### Your task
Your answer should be only the lines below from the one with "A dinosaur footprint, not" to the one with "Stacks of holiday", repeated exactly, ends included.

### Source material
============

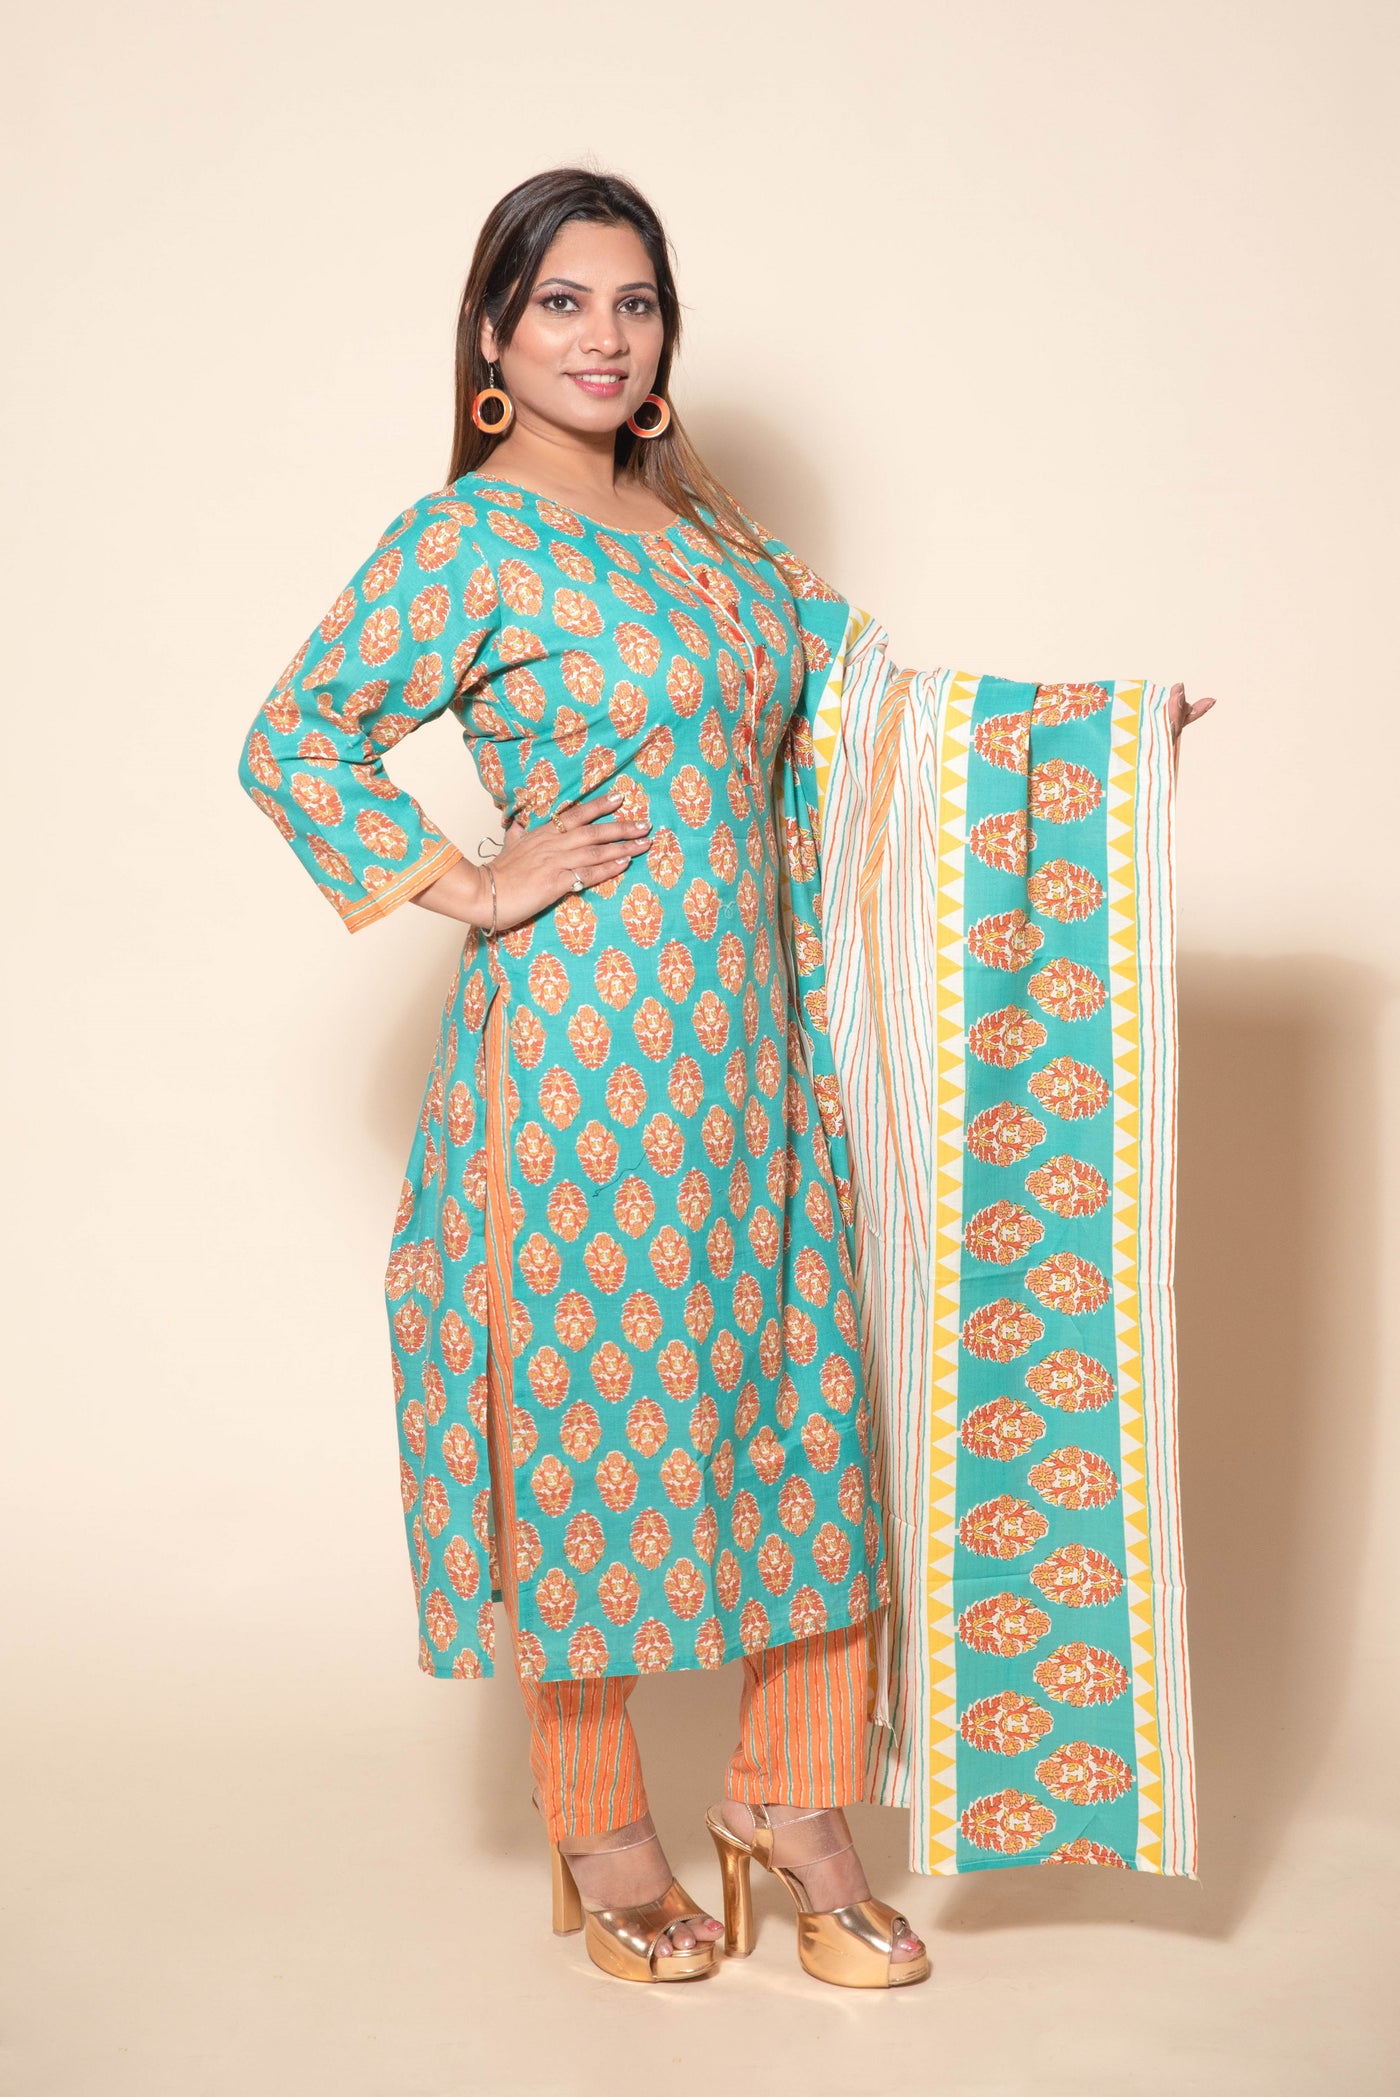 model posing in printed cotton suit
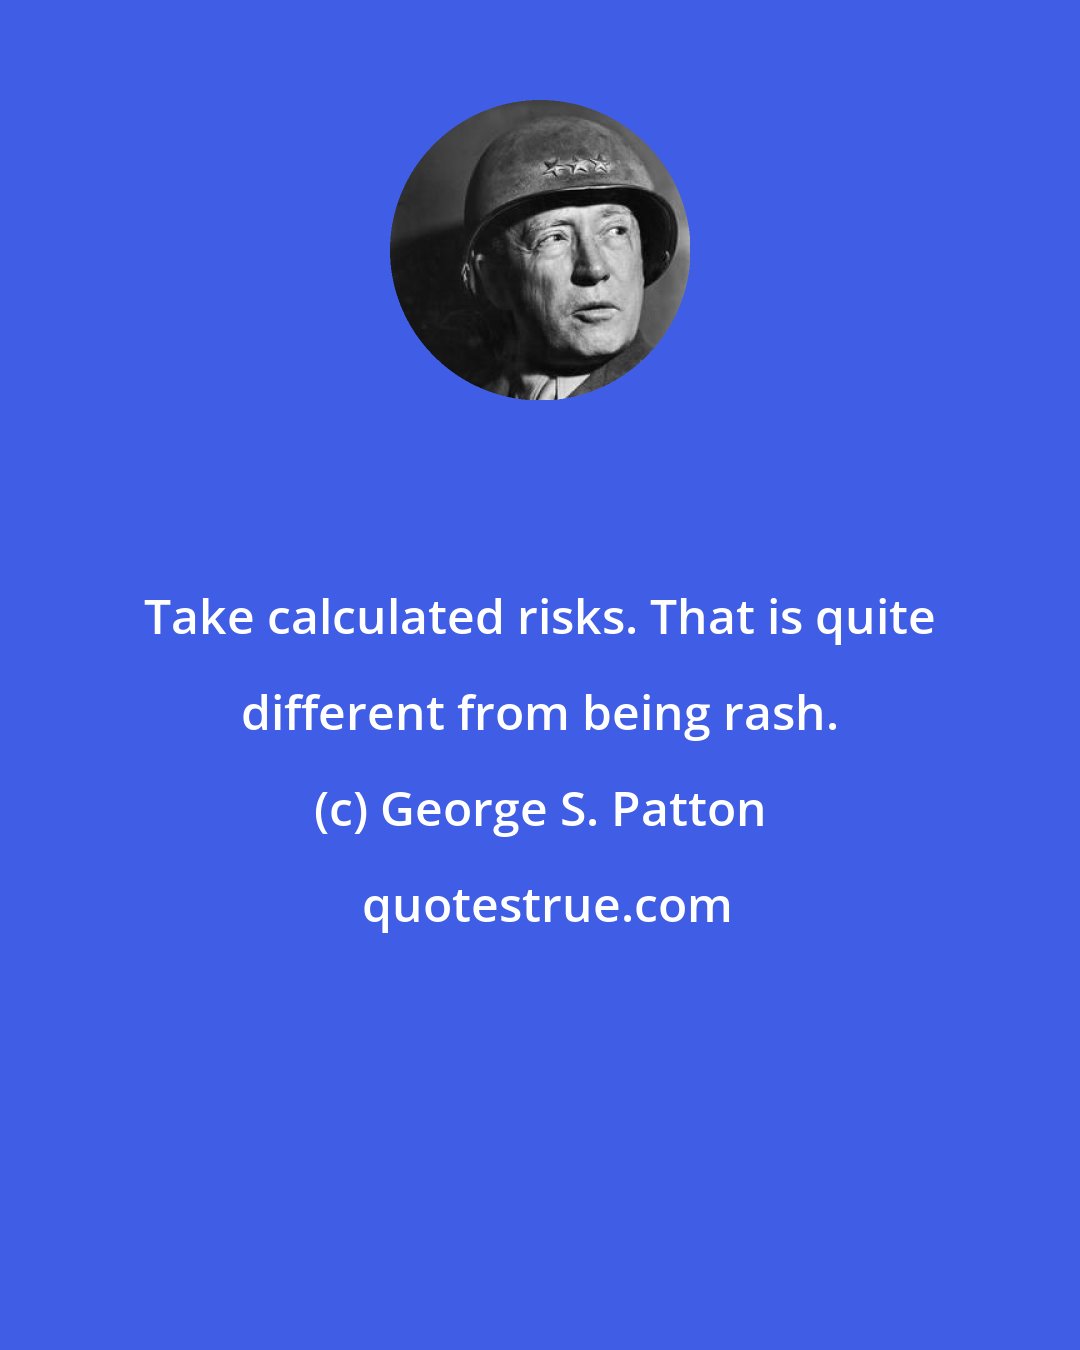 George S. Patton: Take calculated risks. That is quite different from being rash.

============

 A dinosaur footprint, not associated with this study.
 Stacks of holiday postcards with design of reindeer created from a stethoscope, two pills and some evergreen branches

============

### Reply to the exercise
 A dinosaur footprint, not associated with this study.
 Stacks of holiday postcards with design of reindeer created from a stethoscope, two pills and some evergreen branches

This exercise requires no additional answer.